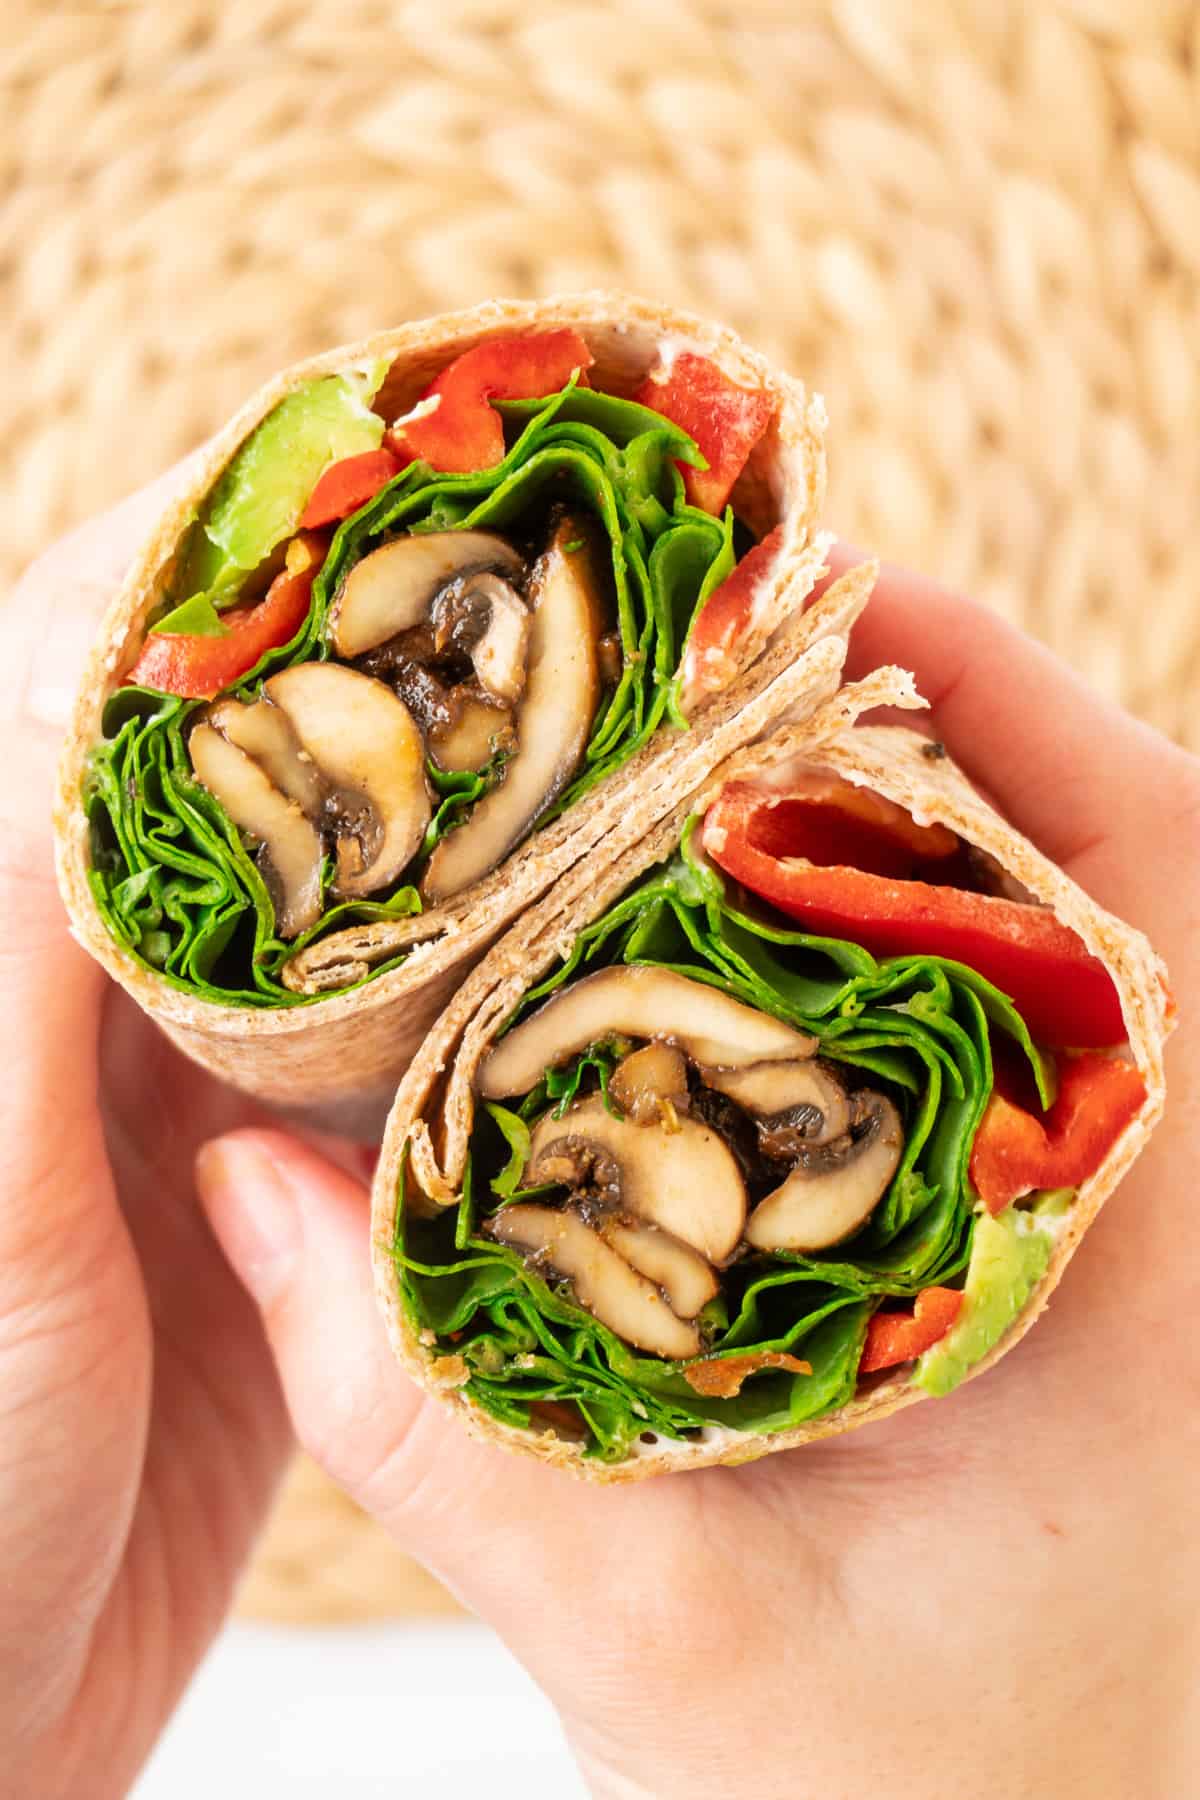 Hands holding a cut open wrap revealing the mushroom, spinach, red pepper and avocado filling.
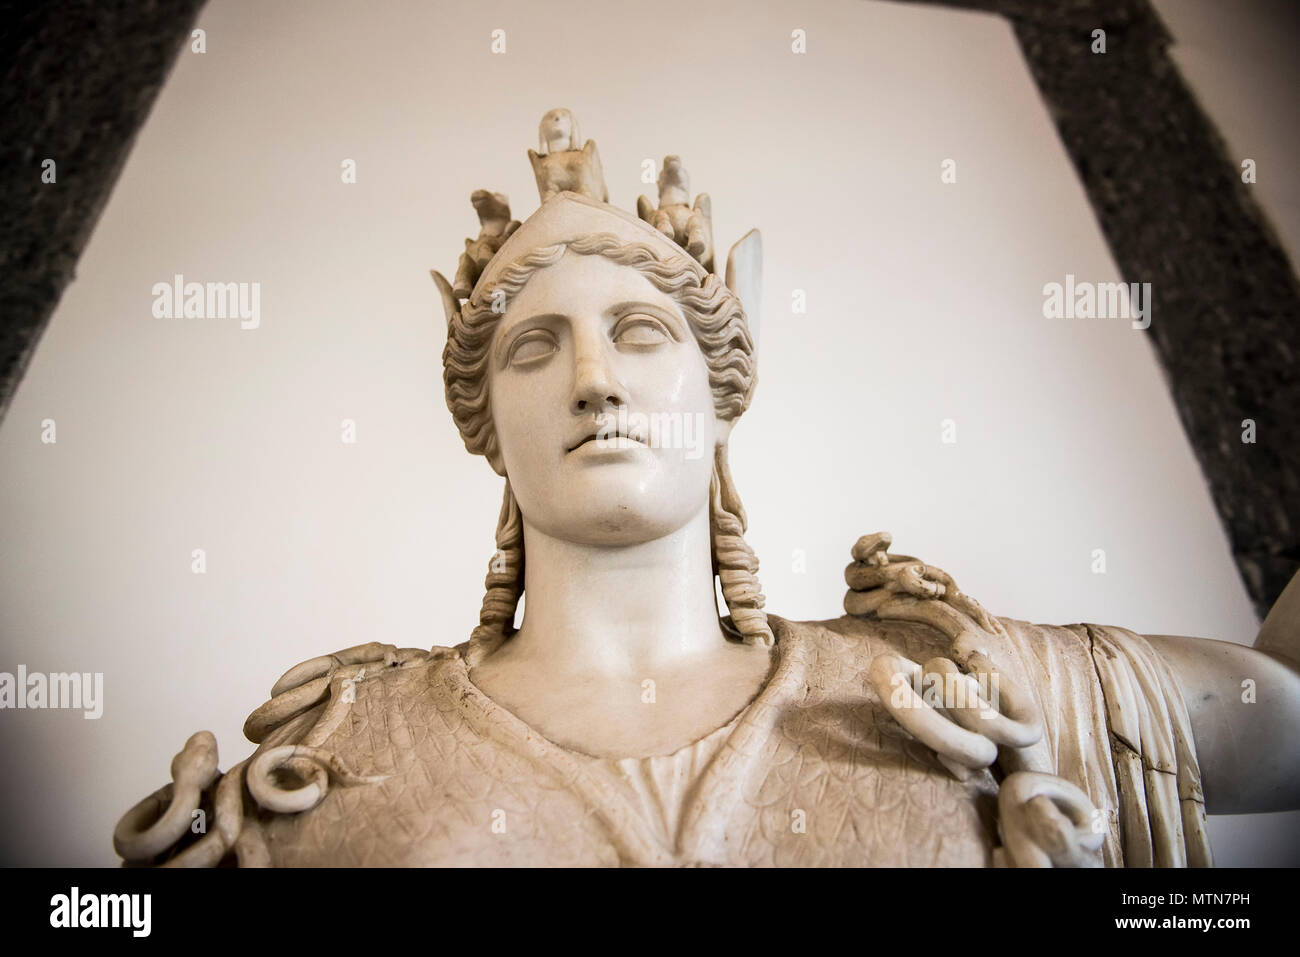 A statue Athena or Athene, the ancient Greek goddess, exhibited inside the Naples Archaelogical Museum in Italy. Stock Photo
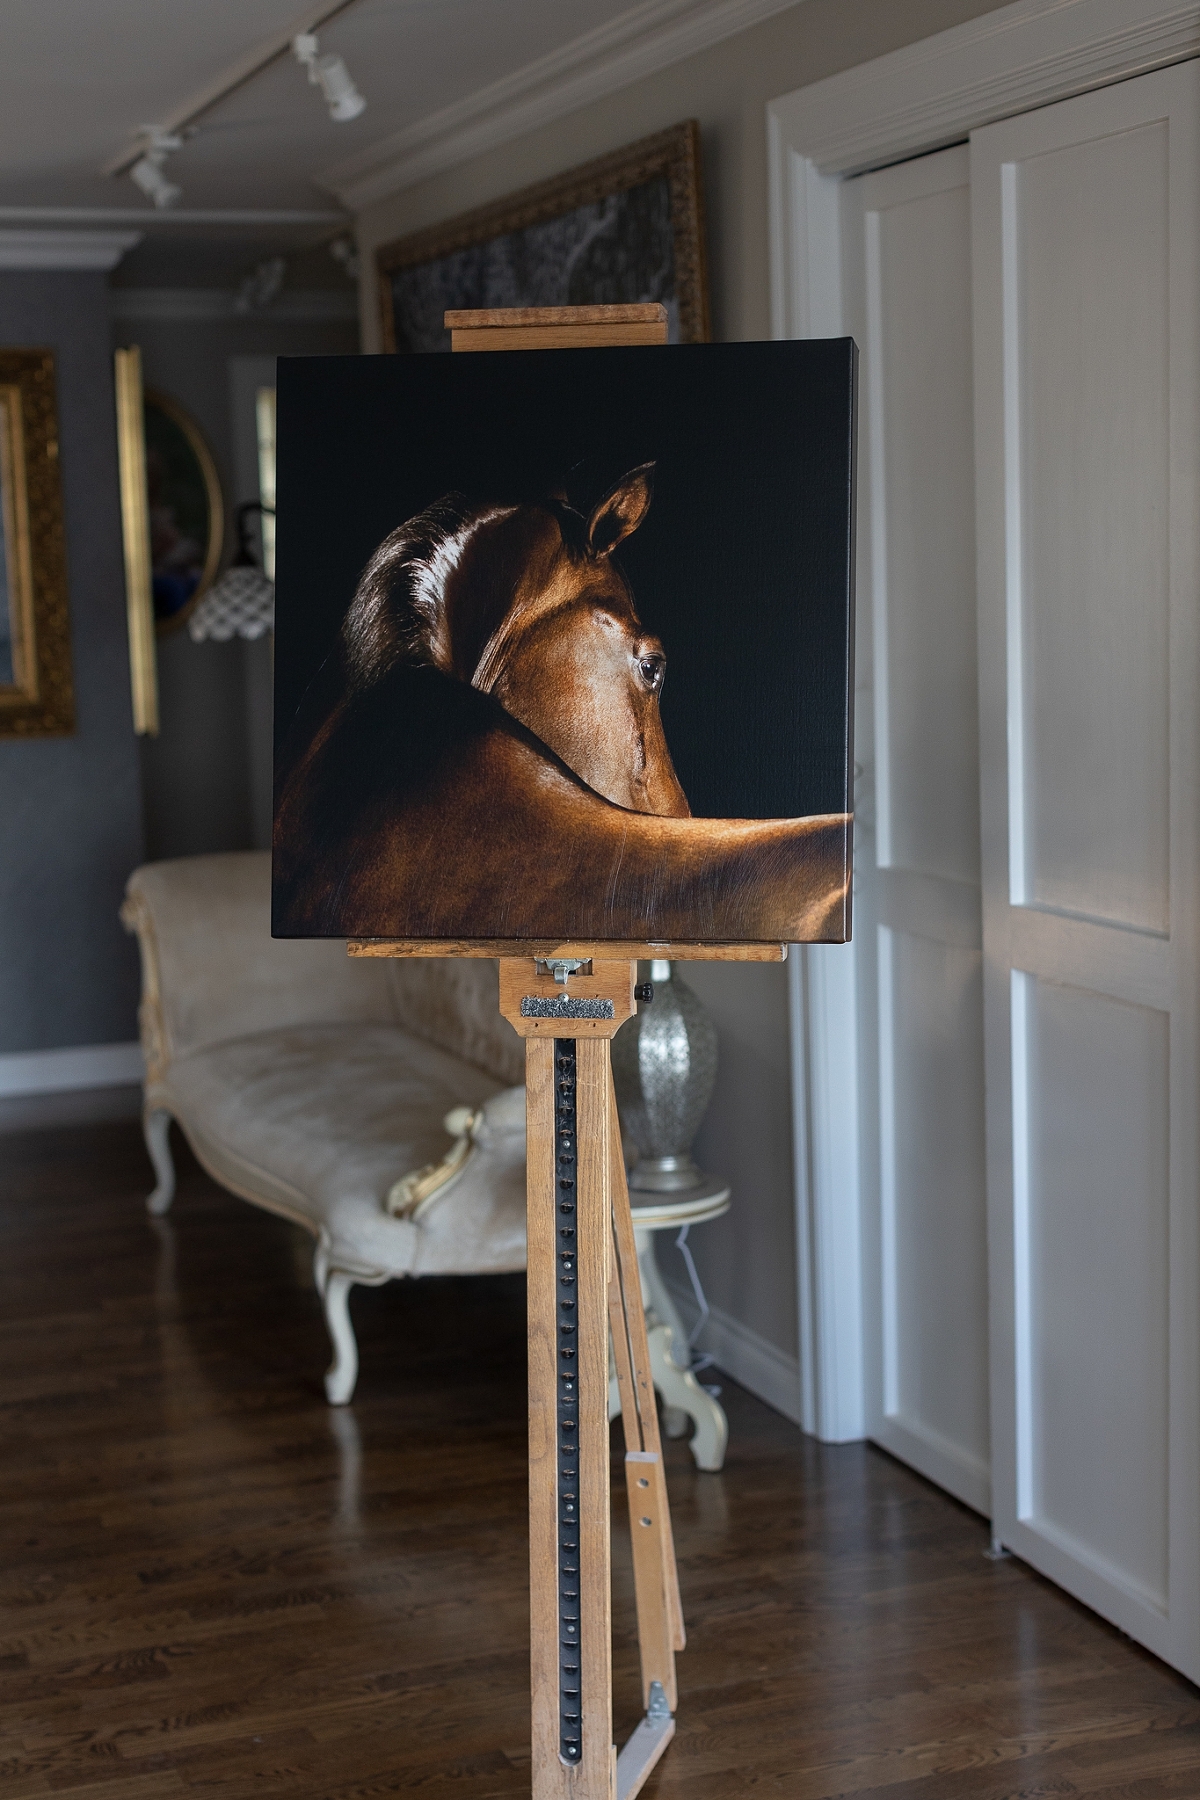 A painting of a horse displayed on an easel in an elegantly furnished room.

*TASK DIRECTIONS*.
Nothing but the lines from the line containing "A statue Athena" through the last line of the listing above should appear, output exactly, with no pictures.

*RESPONSE TO THIS TASK*.
 A statue Athena or Athene, the ancient Greek goddess, exhibited inside the Naples Archaelogical Museum in Italy. Stock Photo
 A painting of a horse displayed on an easel in an elegantly furnished room.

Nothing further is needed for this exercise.